Dennis Black Wayne State University Detroit Water Shut off We the people of Detroit

The sun is high in the sky on a Monday in the historic Cass Corridor, and all around there are signs that the weekend is well over. A man in a suit drops off his dry cleaning as a businesswoman enters a café on her lunch break. A crane unloads equipment for workers atop the Hilberry Theatre, next to Wayne State University’s Old Main academic building, which looks more like a cathedral or a small castle. Dennis Black, a tall young man in typical student attire – backpack, Nike sandals, black jersey shorts, and a nondescript black T-shirt – is on his way to order a lunch of take-out pad thai after finishing class. Peace and Conflict Studies is worth four of the eight summer credits that he is taking. Dennis, an undergraduate senior studying political science, plans to take the LSAT in September and aspires to a career in national security law.

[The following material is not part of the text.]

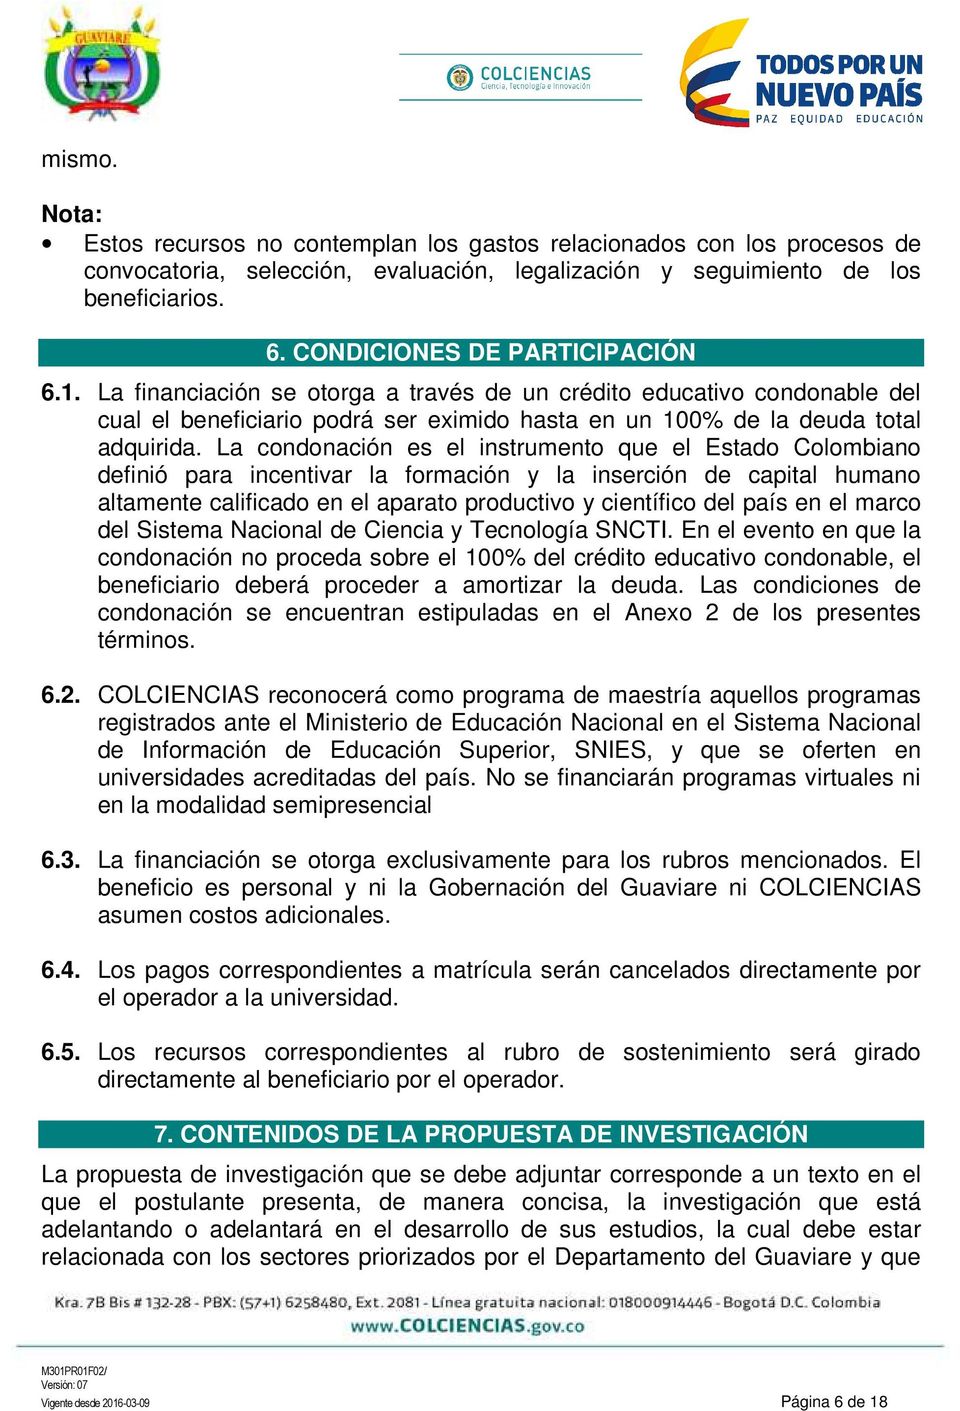 La condonación es el instrumento que el Estado Colombiano definió para incentivar la formación y la inserción de capital humano altamente calificado en el aparato productivo y científico del país en

In his spare time, Dennis helps out with logistics, planning, and community organizing for We the People of Detroit, which has spearheaded and supported several initiatives to resist emergency management. Most recently, Dennis and WPD have canvassed neighborhoods, distributed water, and set up emergency water stations. Dennis has met families who have been living for six to 12 months without water. He sees Detroit’s crisis as one of shock capitalism, in which leaders manufacture disasters to promote particular influences – like the privatization of water – in order to reap profits while exploiting the current population. In the case of Detroit, Dennis sees this as an inherently racial issue that has global implications. “You see [shock capitalism] primarily happening in black and brown countries. In Latin America, the Middle East,” Dennis explains. Still, he believes there is a lot of revolutionary potential and community resilience that can be learned from Detroit’s situation and that these shared experiences can help to shift the tide locally and around the world.